Here are some recommended soil pH ranges to follow for best yields:
- pH 6-7 – cucumbers in the open field, onions, tomatoes, peas, cabbage, beans, rutabaga, carrots, leeks, rhubarb, beets, and tulip bulbs
- pH 6-6.5 – berries, strawberries, fruit trees, potatoes, and ornamental plants.
- pH 5.5-6.5 – herbs.
What is the dosage?
The amount of lime used is what the soil needs. The soil will need some lime, depending on its pH and consistency. It is best to have a professional lab do a soil analysis to know how much to use.
The grass can tolerate a pH of 5.5 to 7.5. Therefore, for every 10 square meters of area, approximately 25-300 kg of lime is required to correct a lawn with a slightly acidic pH.
If you want to raise the pH of 30 square meters of sandy soil, you will need 3 kg, medium loamy soil 4 kg, and heavy clay soil 5 kg. The general dose is 1-2 grams per kilogram of soil once a year.
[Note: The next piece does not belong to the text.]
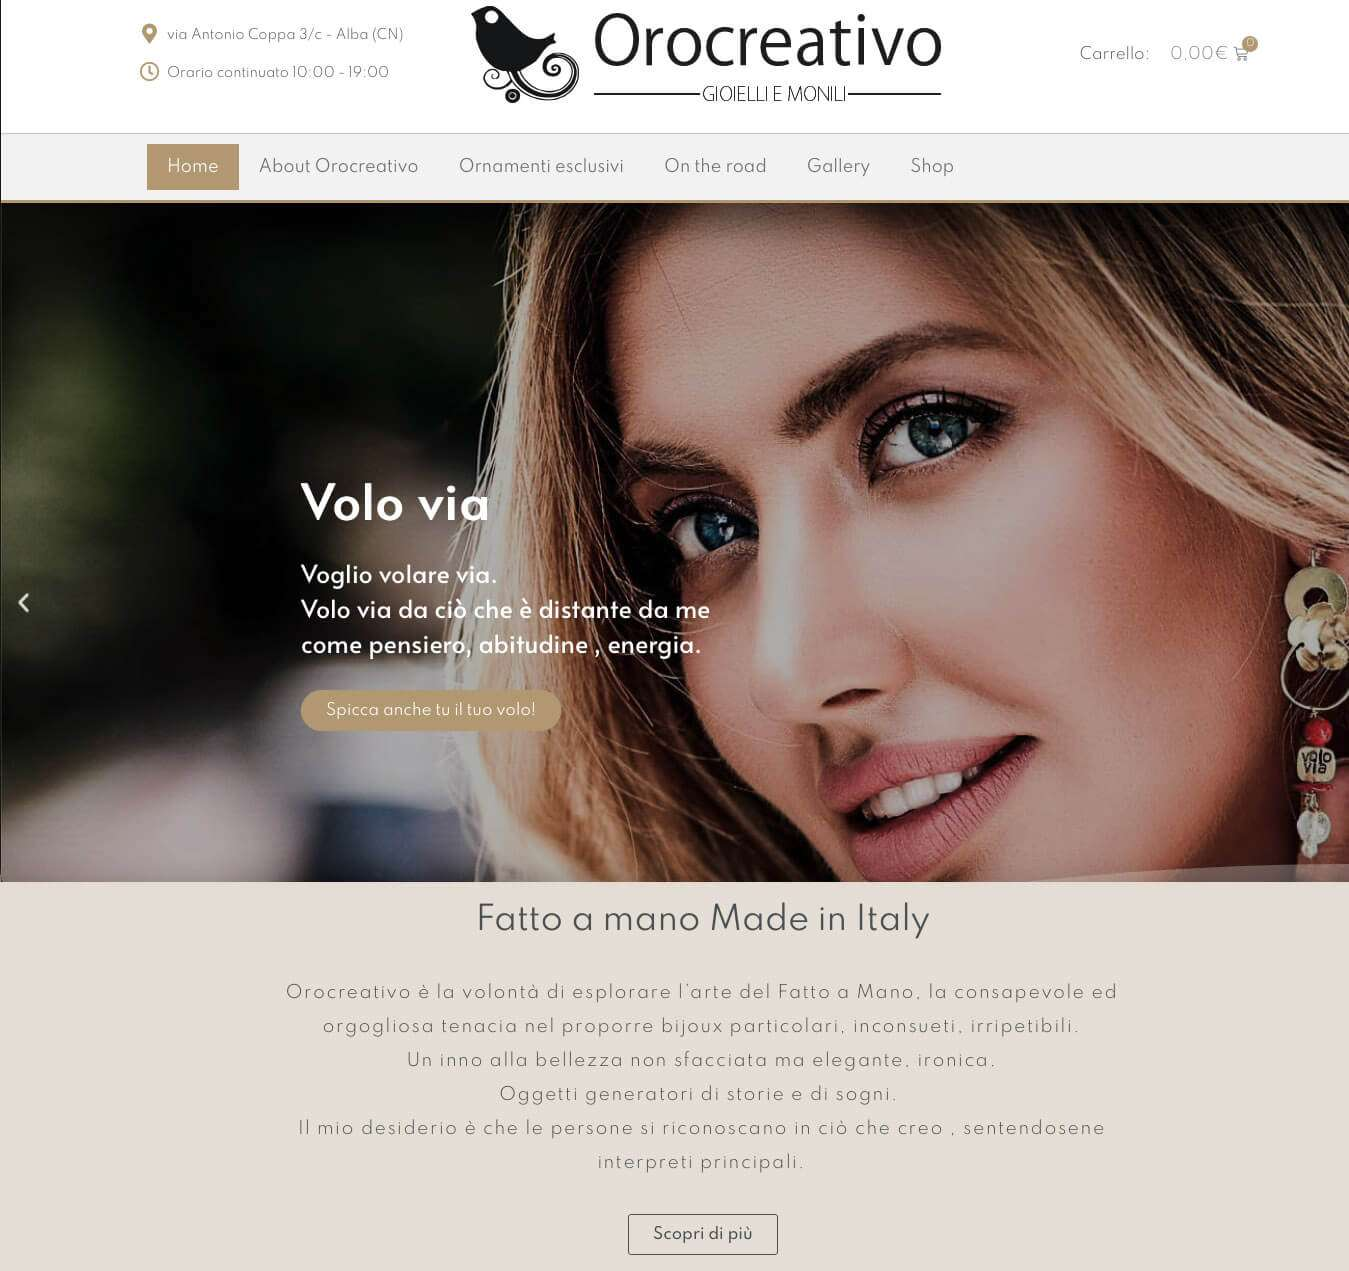 gioielli su misura online e-commerce Asti orocreativo Essetre

But you must do a chemical analysis of the previous soil to determine the exact amount. After you add lime to the soil, you will notice changes, although it may take from half a year to a whole year for complete dissolution. That is, you won’t be able to see the full effect until it dissolves.
Experienced gardeners know that to obtain high yields, the chemical composition of the soil on which certain crops grow is extremely important. In this sense, plants are most suitable for lime soil. This article has given ways on how to tell if your lawn needs lime.